As far as reasonability - he's correct in noting that the TSA is not entitled
to your medical history. Moreover, TSA screeners are generally not doctors
(some may be), they're not YOUR doctor, and they're certainly not in a
position to decide what is or isn't medically necessary for you.

Does this mean that you should be able to get your juice past security by
claiming to have a medical condition? No.

It means you should be able to do that without having to disclose anything
about your health, and the only remedy that should be available is for the TSA
to screen the liquid if they feel it is necessary to ensure passenger safety.

Is that unfair? Maybe, but so is a ridiculous ban on a liter bottle of safe
substances.

------
peteforde
What I wouldn't do for some of the folks that have accumulated wealth via tech
exits to get together and create a pool of $20-50M to start an organization
that will both lobby to dismantle the TSA and provide education and defence
for those who are bullied in the meantime.

Look at the good that the EFF and Creative Commons have done. It's time for
people to reclaim their freedom of movement.

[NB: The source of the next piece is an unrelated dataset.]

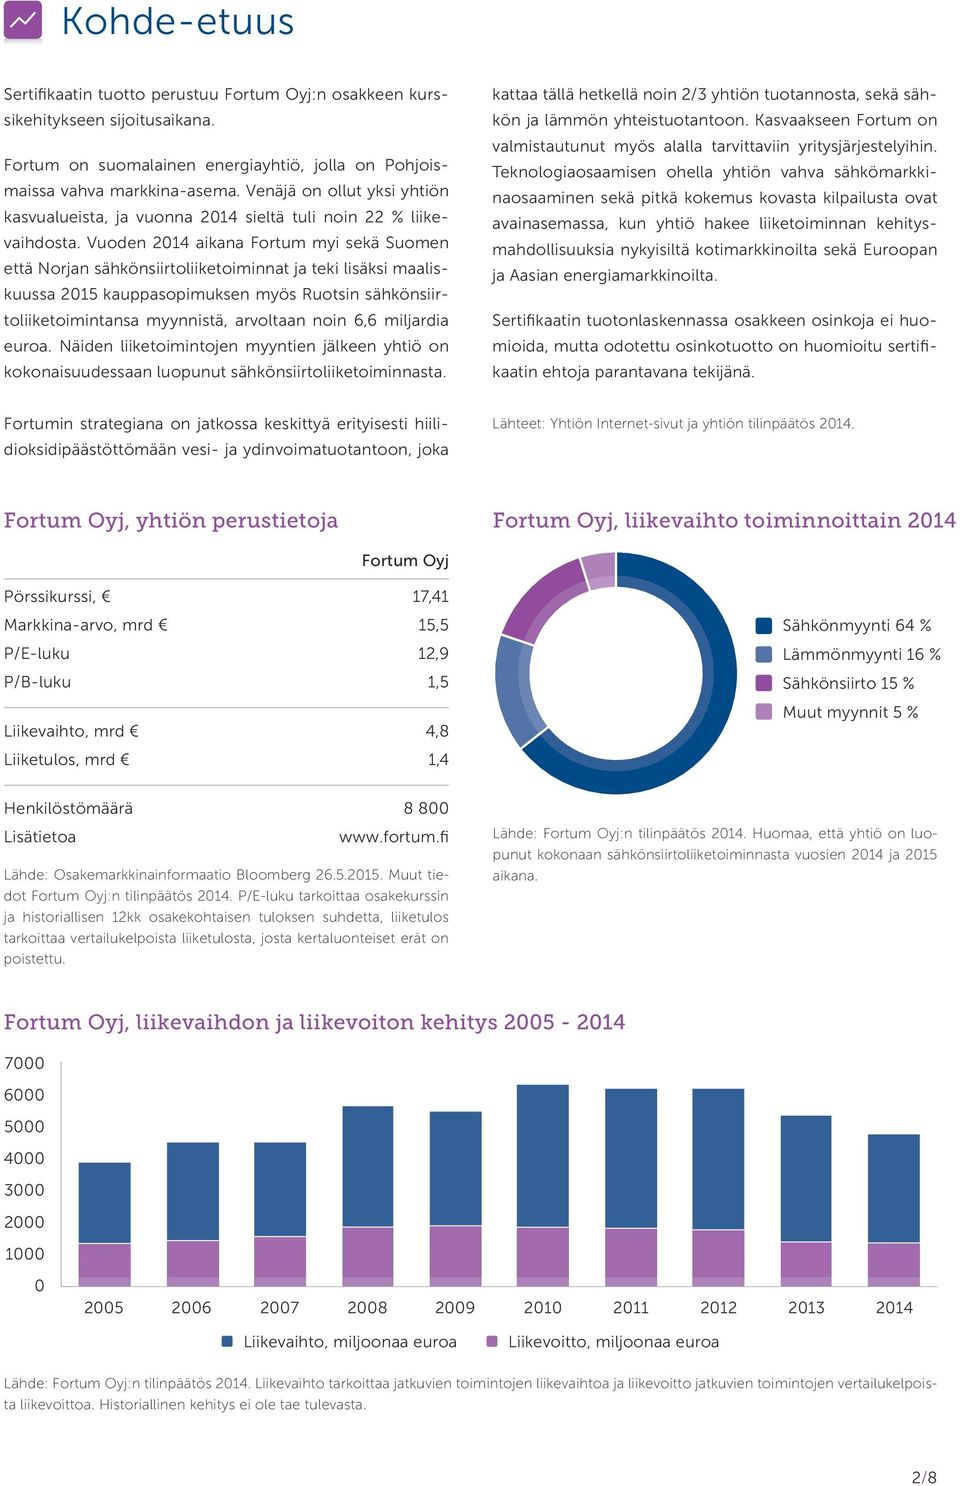 Vuoden 2014 aikana Fortum myi sekä Suomen että Norjan sähkönsiirtoliiketoiminnat ja teki lisäksi maaliskuussa 2015 kauppasopimuksen myös Ruotsin sähkönsiirtoliiketoimintansa myynnistä, arvoltaan noin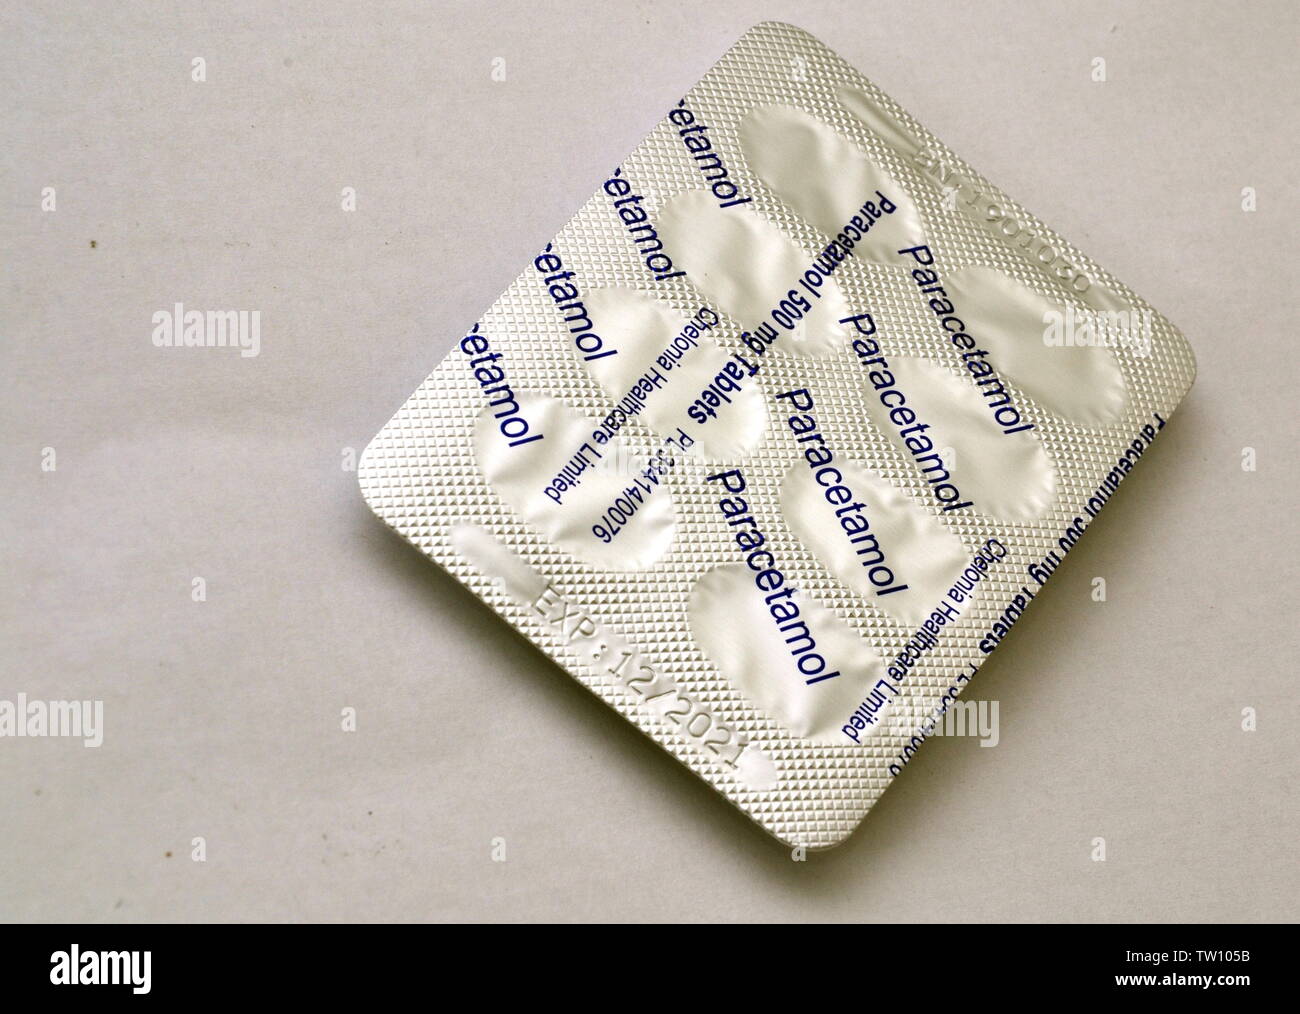 Ein Studiofoto einer Packung Paracetamol-Analgetikum, Schmerztabletten, auf weißem Hintergrund Stockfoto

FWIW, I'm Canadian and I would sign up for a regular donation if such an
organization existed. That's how frustrated I am by the global chill that the
TSA/DHS has created, all without a single documented terrorist caught.

------
pandaman
The problem is not with the TSA per se but with the representative democracy.
Every elected official that has a choice to repel some stupid rule or law is
present with the following game-theoretic matrix:

repel then some incident happens that can be somehow associated with this -
it's a catastrophe even if the association is completely superficial, the
media will manage to spin it to cause enough damage.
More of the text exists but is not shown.